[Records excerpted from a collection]
↓

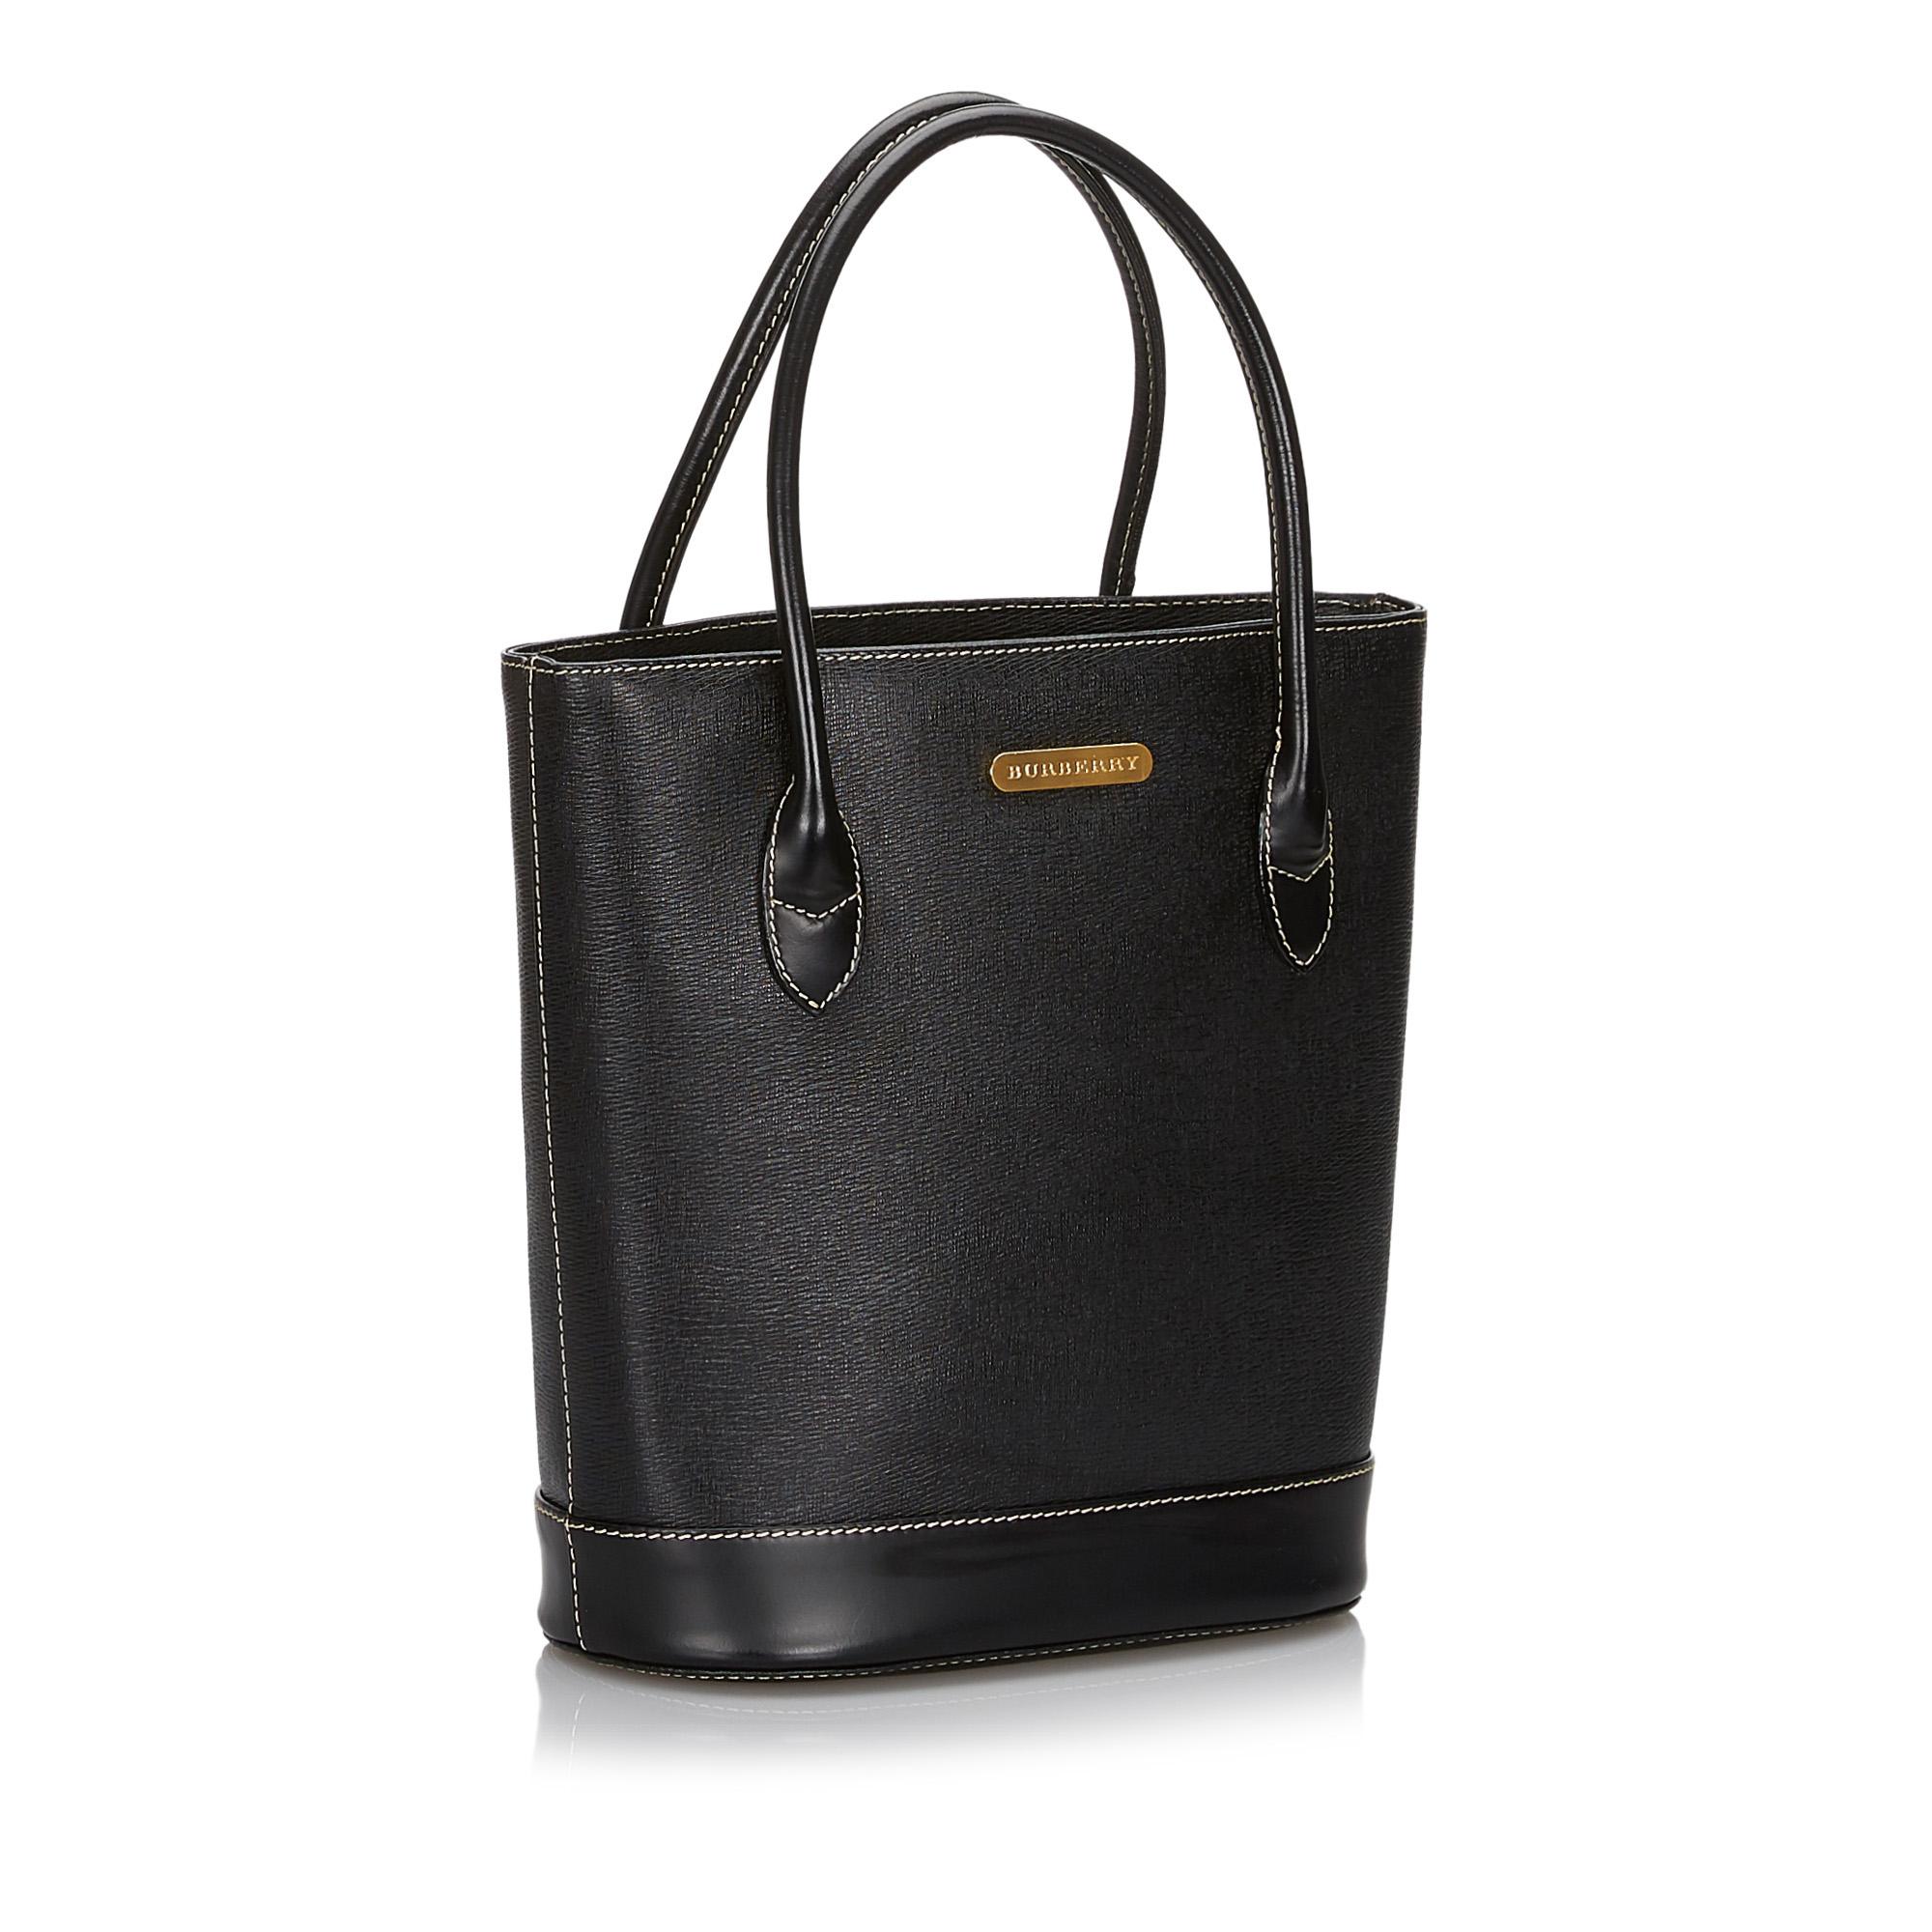 This tote bag features a leather body, rolled handles, an open top, an interior zip compartment, and interior slip pockets. It carries as AB condition rating.

Inclusions: 
This item does not come with inclusions.

Dimensions:
Length: 25.00
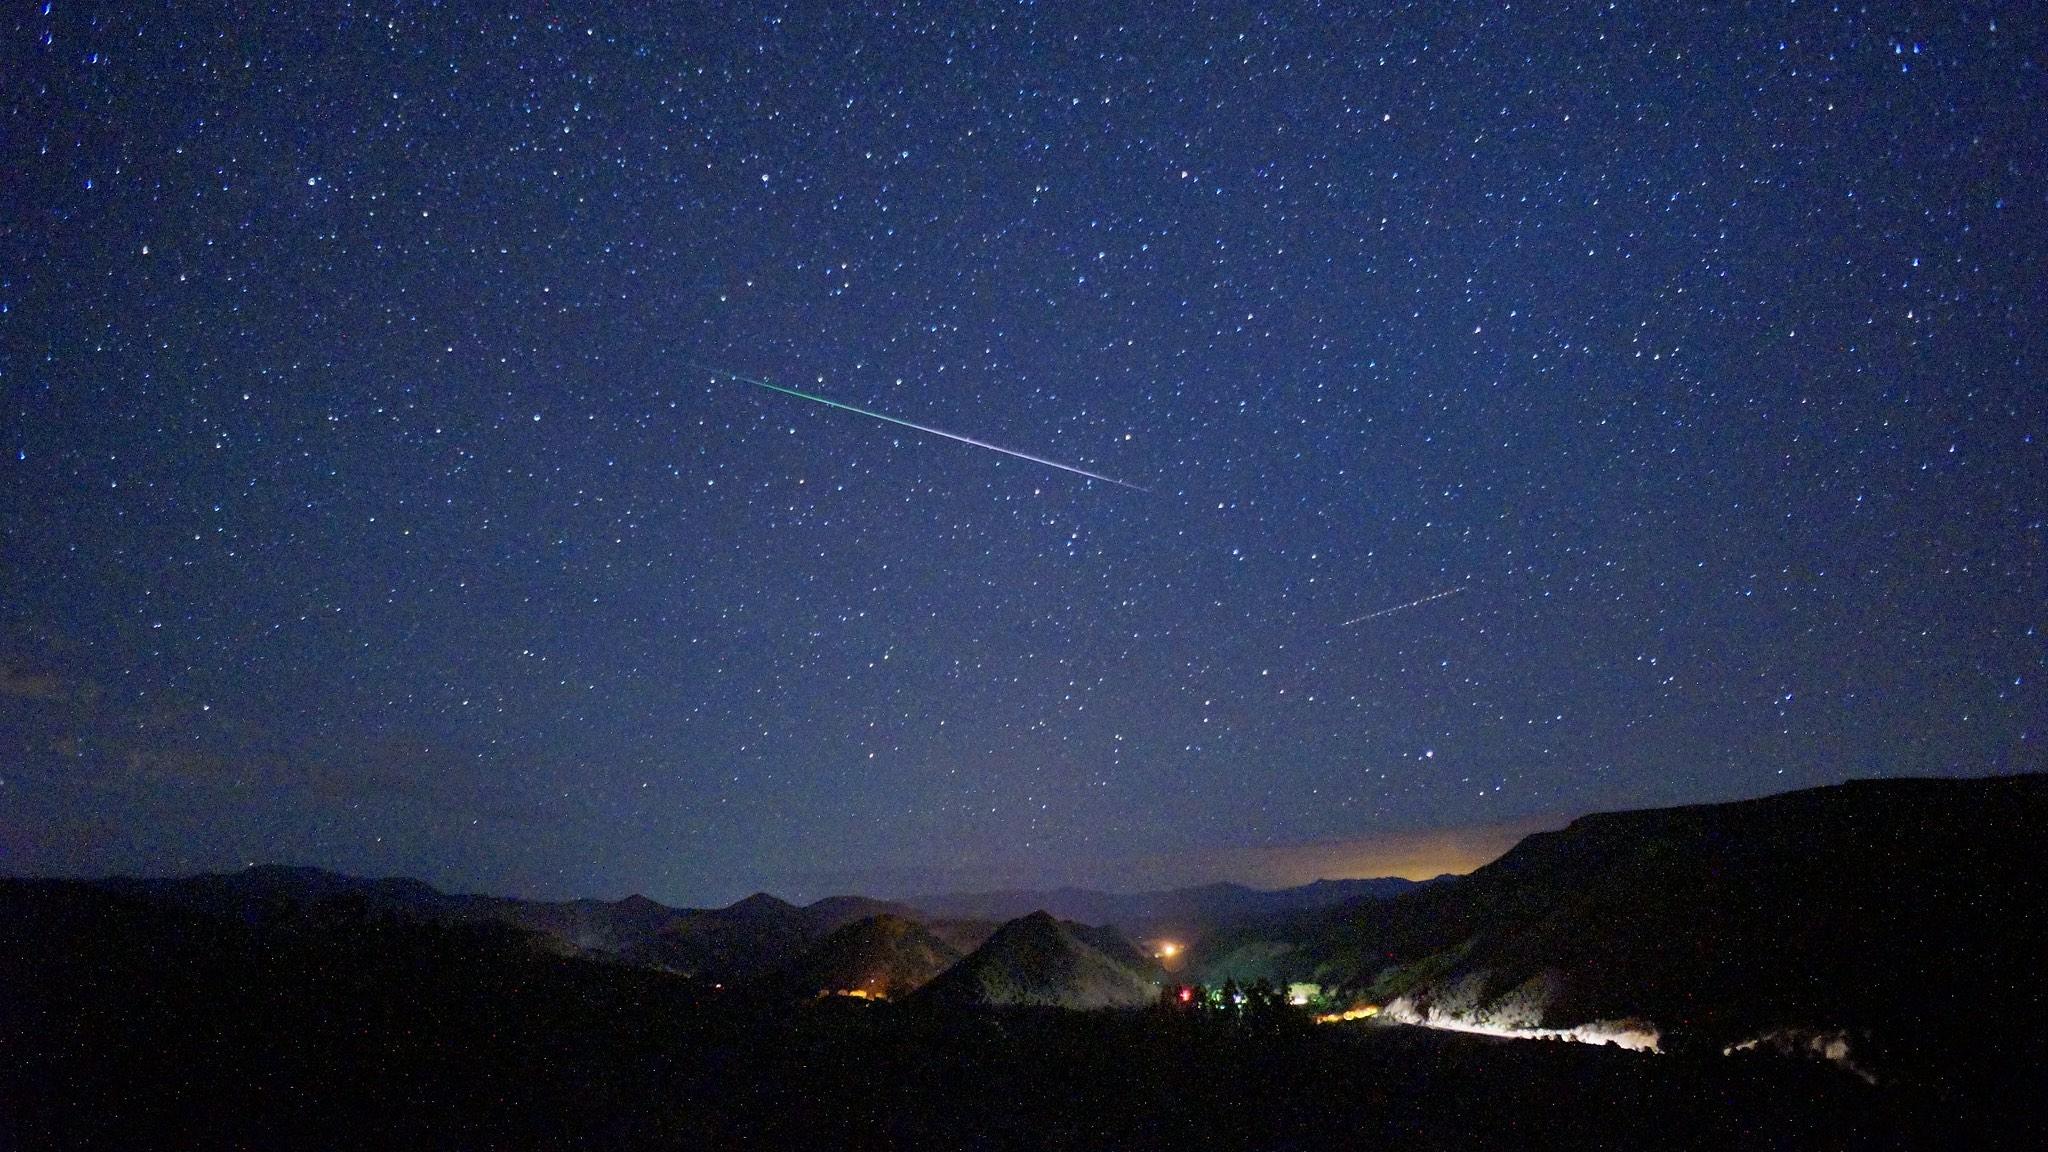 Perseid Meteor Shower Peaks Tuesday Night How to Catch the Best Views
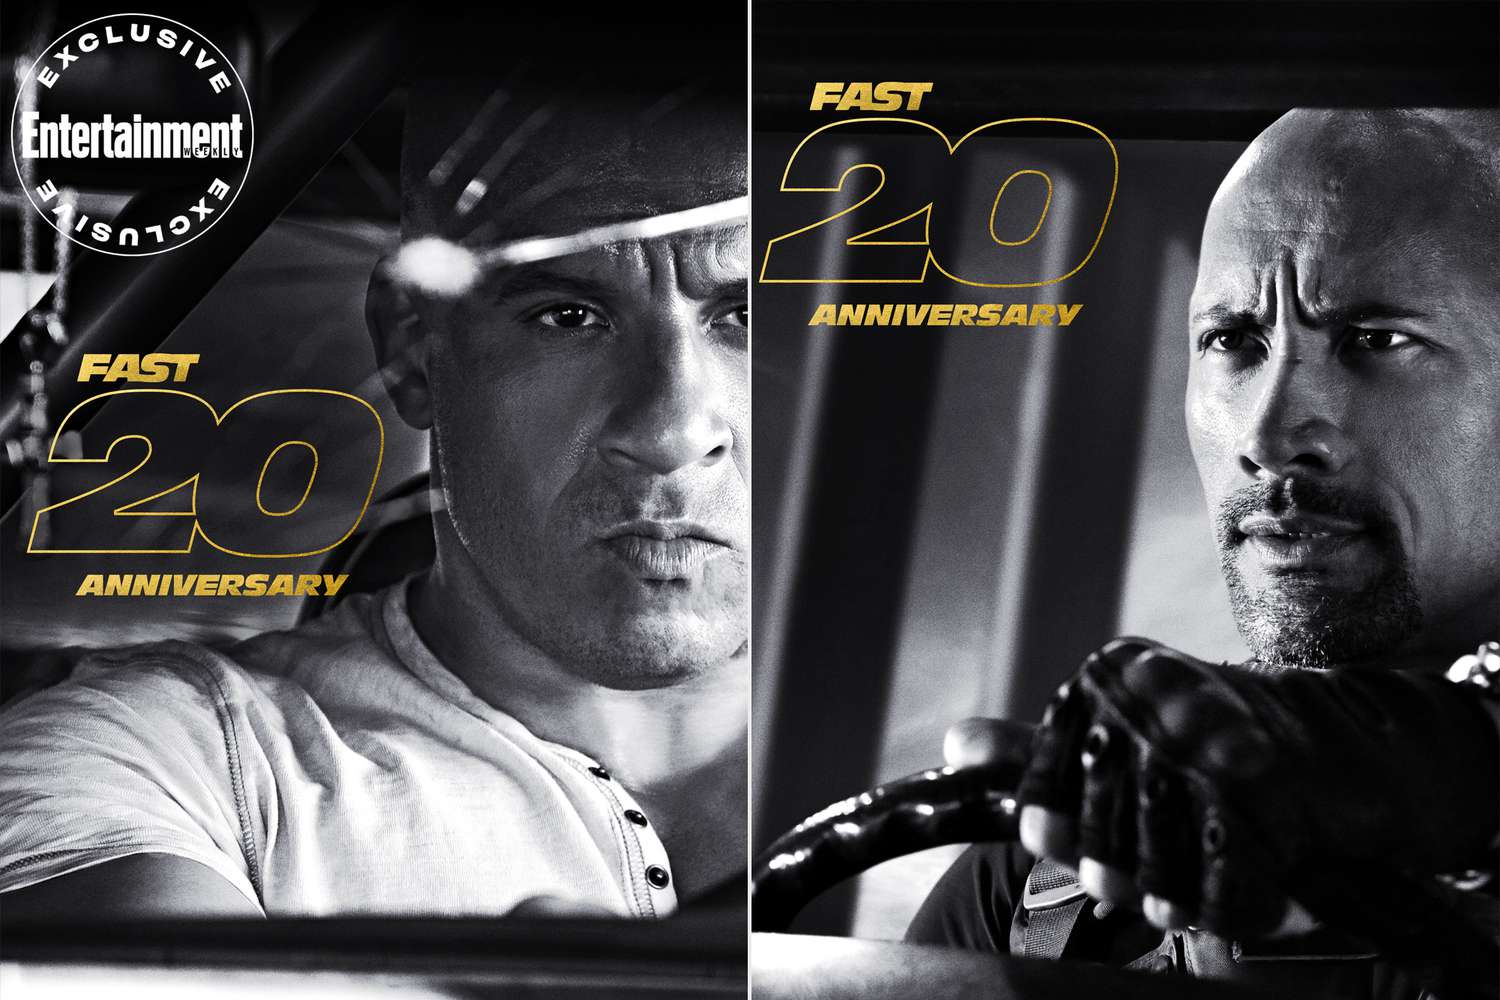 Vin Diesel, Dwayne Johnson, rest of 'Fast' family strap in for 20th anniversary posters - EW.com

↑

Problem to work on:
Could you give all of the data again exactly as written, omitting any pictures?

Solution to the problem:
 This tote bag features a leather body, rolled handles, an open top, an interior zip compartment, and interior slip pockets. It carries as AB condition rating.

Inclusions: 
This item does not come with inclusions.

Dimensions:
Length: 25.00
 Perseid Meteor Shower Peaks Tuesday Night How to Catch the Best Views
 Vin Diesel, Dwayne Johnson, rest of 'Fast' family strap in for 20th anniversary posters - EW.com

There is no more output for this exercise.